Por el amor de Dios.
—Estaba intentando hacer algo por ti, algo importante, y no salió bien. Me puse nervioso, y terminé viniendo aquí.
—¿Qué era?
—No puedo decírtelo. Ni siquiera iba a contártelo en el presente. No te gustaría.
—Entonces, ¿por qué querías hacerlo? —Clare tiembla contra el viento.
—Era el único modo. No conseguía que me escucharas. Creí que dejaríamos de pelearnos si lo hacía —le confieso suspirando. Volveré a intentarlo y, si es necesario, una y otra vez.
—¿Por qué nos peleamos? —me pregunta Clare, mirándome a los ojos, tensa y angustiada. Le destila la nariz.
—¿Estás resfriada?
—Sí. ¿Por qué nos peleamos?
—Todo empezó cuando la esposa de tu embajador abofeteó a la amante de mi primer ministro en una velada que se celebraba en la embajada, incidente que influyó en la tarifa de la avena, lo cual provocó un alto índice de desempleo y los consiguientes tumultos...
—¡Henry!
—¿Qué?
—Solo por una vez, te pido que solo por una sola vez dejes de burlarte de mí y respondas a mi pregunta.
—No puedo.
Sin premeditación Clare me propina una buena bofetada. Doy un paso atrás, sorprendido, contento.
—Vuelve a golpearme.
Clare está confundida, y hace un gesto de negación.
—Por favor, Clare.
—No. ¿Por qué quieres que te pegue? Yo quería herirte.
—Deseo que me hieras. Por favor —le suplico, bajando la cabeza.
—Pero ¿qué demonios te ocurre?
—Todo esto es horrible; es como si yo fuera insensible.
—¿El qué es horrible? ¿Qué sucede?
—No me lo preguntes.
Clare se acerca a mí, muchísimo, y me coge la mano. Me saca los ridículos guantes azules, se lleva mi palma a su boca y la muerde. El dolor es insoportable. Luego se detiene, y yo me miro la mano. La sangre aflora despacio, en diminutas gotas, por la señal del mordisco. Seguramente se me infectará, pero de momento no me importa.
—Cuéntamelo.
Su rostro está a unos centímetros del mío. La beso de manera violenta. Se resiste. La dejo ir, y ella se vuelve de espaldas.
—Eso no ha sido demasiado bonito —se queja con un hilo de voz.
¿Qué me está pasando? Clare, a los quince años, no es la misma persona que hace meses que me tortura, que se niega a abandonar el tema de los hijos, que arriesga su vida y su equilibrio mental, convirtiendo el sexo en un campo de batalla, donde van quedando diseminados cadáveres de niños. Descanso mis manos encima de sus hombros.
—Lo siento. Lo siento muchísimo, Clare. No se trataba de ti. Por favor.
Ella se vuelve. Está llorando, y tiene un aspecto terrible. Encuentro de milagro un pañuelo de papel en el bolsillo del abrigo. Le seco la cara, y ella coge el pañuelo de mi mano y se suena la nariz.
—Nunca me habías besado.
Oh, no. Debo de tener una expresión cómica, porque Clare se ríe. No puedo creerlo. ¡Qué idiota soy!
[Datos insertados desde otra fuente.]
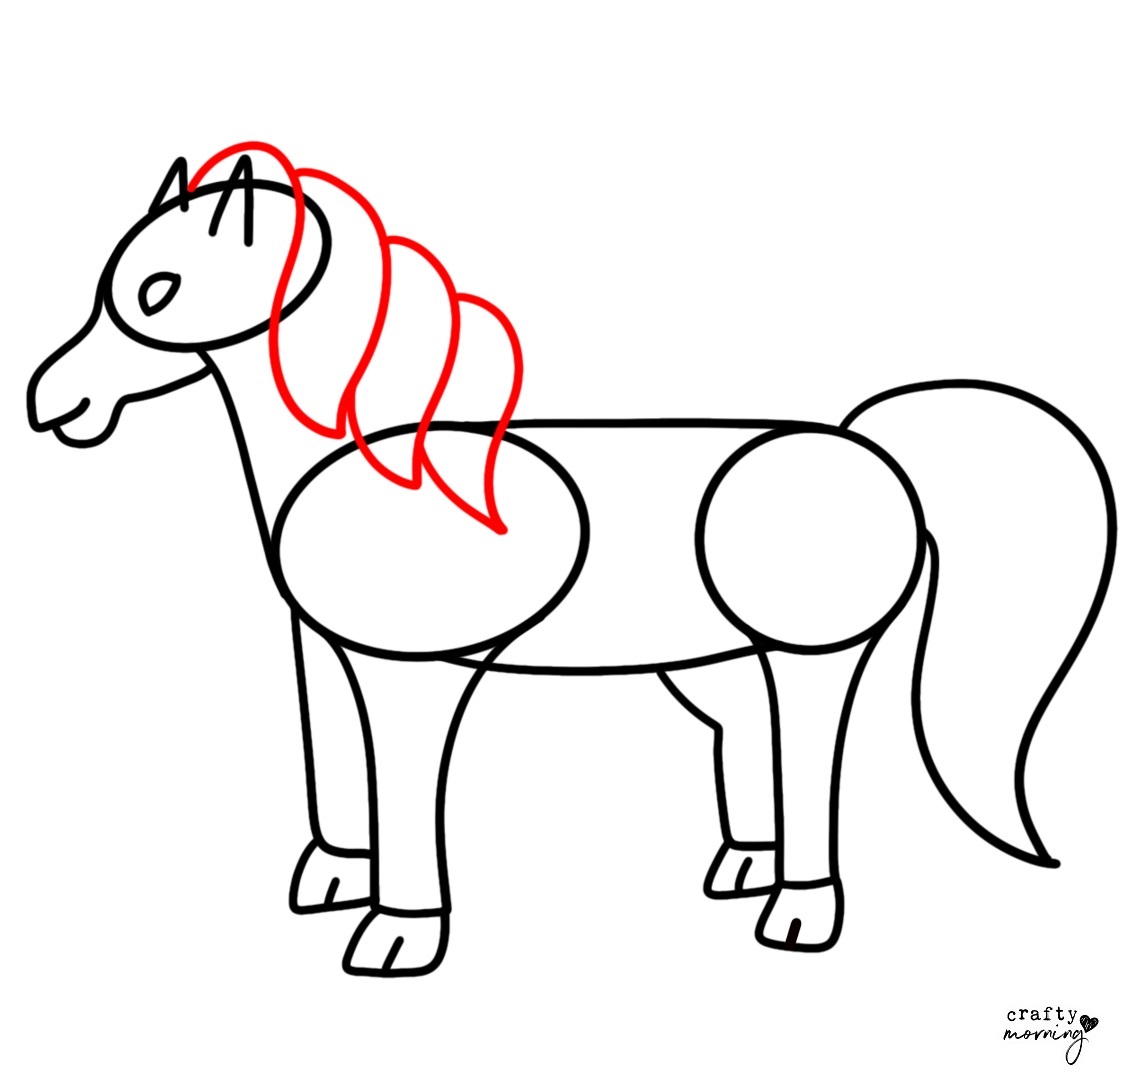 Cute horse draw Royalty Free Vector Image - VectorStock

—Oh, Clare. Intenta... Olvídalo, ¿quieres? Bórralo de tu mente. Es algo que no ha pasado nunca. Ven aquí. ¿Quieres otro? ¿De verdad, Clare?
Clare se acerca a mí con aire dubitativo. La rodeo con mis brazos, mirándola. Tiene los ojos enrojecidos, la nariz hinchada y, sin duda, un resfriado de ordago. Coloco las manos sobre sus orejas y le inclino la cabeza hacia atrás. La beso, e intento poner mi corazón en ello, por mi bien, por si vuelvo a perderlo.
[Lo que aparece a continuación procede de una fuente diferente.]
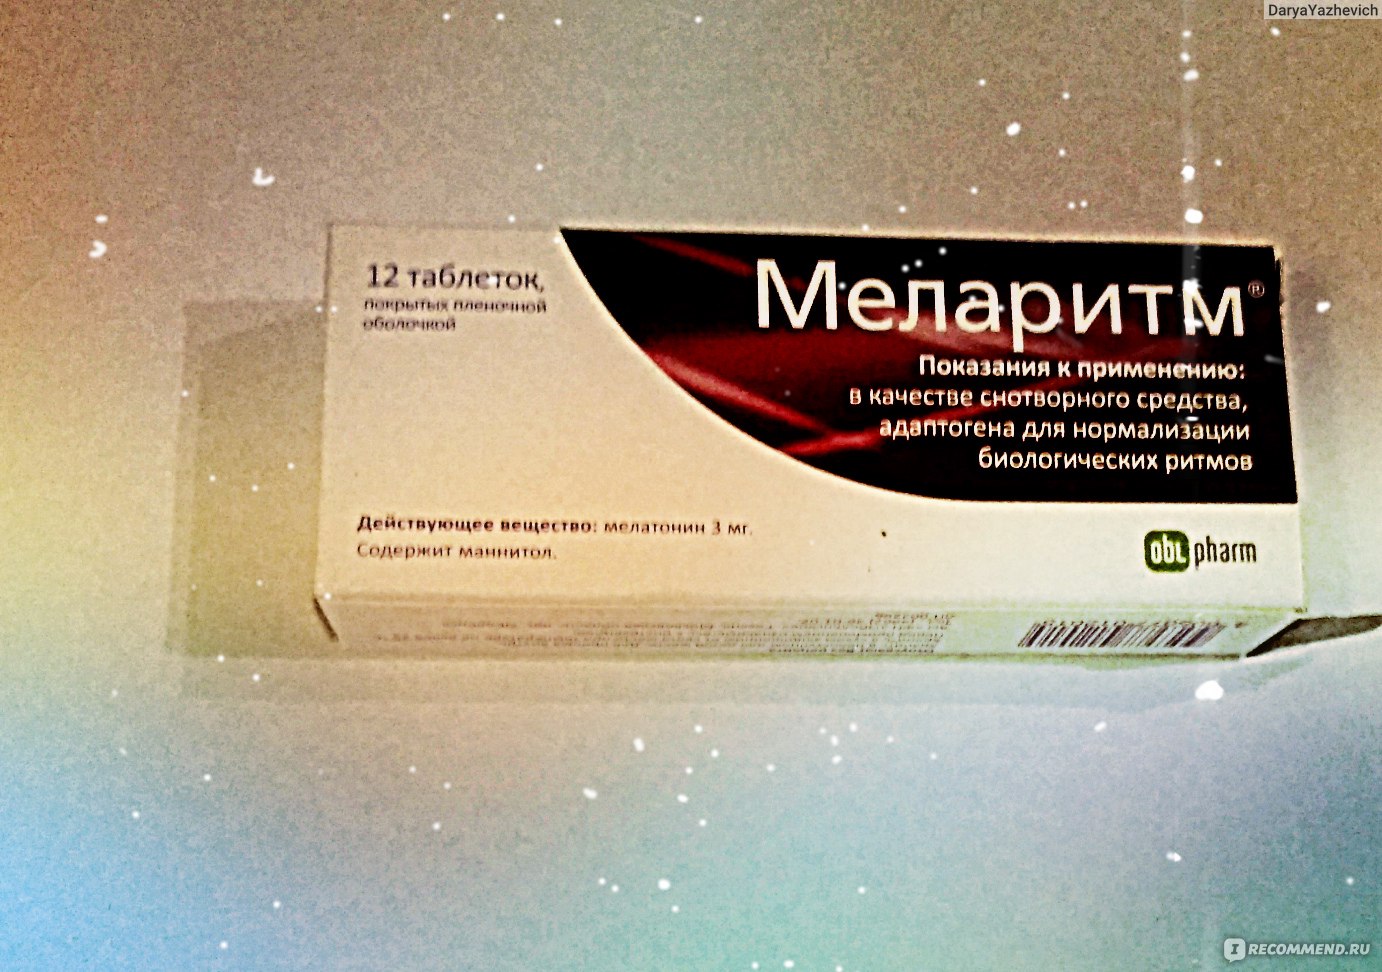 Таблетки для сна мелатонин: инструкция по применению, цена в аптеке, отзывы, польза и вред

Viernes 9 de junio de 2000
Clare tiene 29 años, y Henry 36
C
LARE
: Henry ha estado terriblemente callado, distraído y pensativo toda la noche. Durante la cena parecía estar rebuscando mentalmente en estanterías imaginarias algún ejemplar que debía de haber leído por lo menos en 1942. Además, lleva la mano derecha vendada. Después de cenar se ha ido al dormitorio y se ha echado en la cama, de bruces, con la cabeza colgando de los pies del lecho y los pies sobre mi almohada. Yo me he ido al estudio a rascar moldes, barbas de papel y tomarme el café, pero no he disfrutado, porque no lograba imaginarme cuál podría ser el problema de Henry. Al final, entro en la casa. Él sigue echado en la misma posición. A oscuras.
Me tumbo en el suelo. La espalda me cruje ruidosamente cuando me estiro.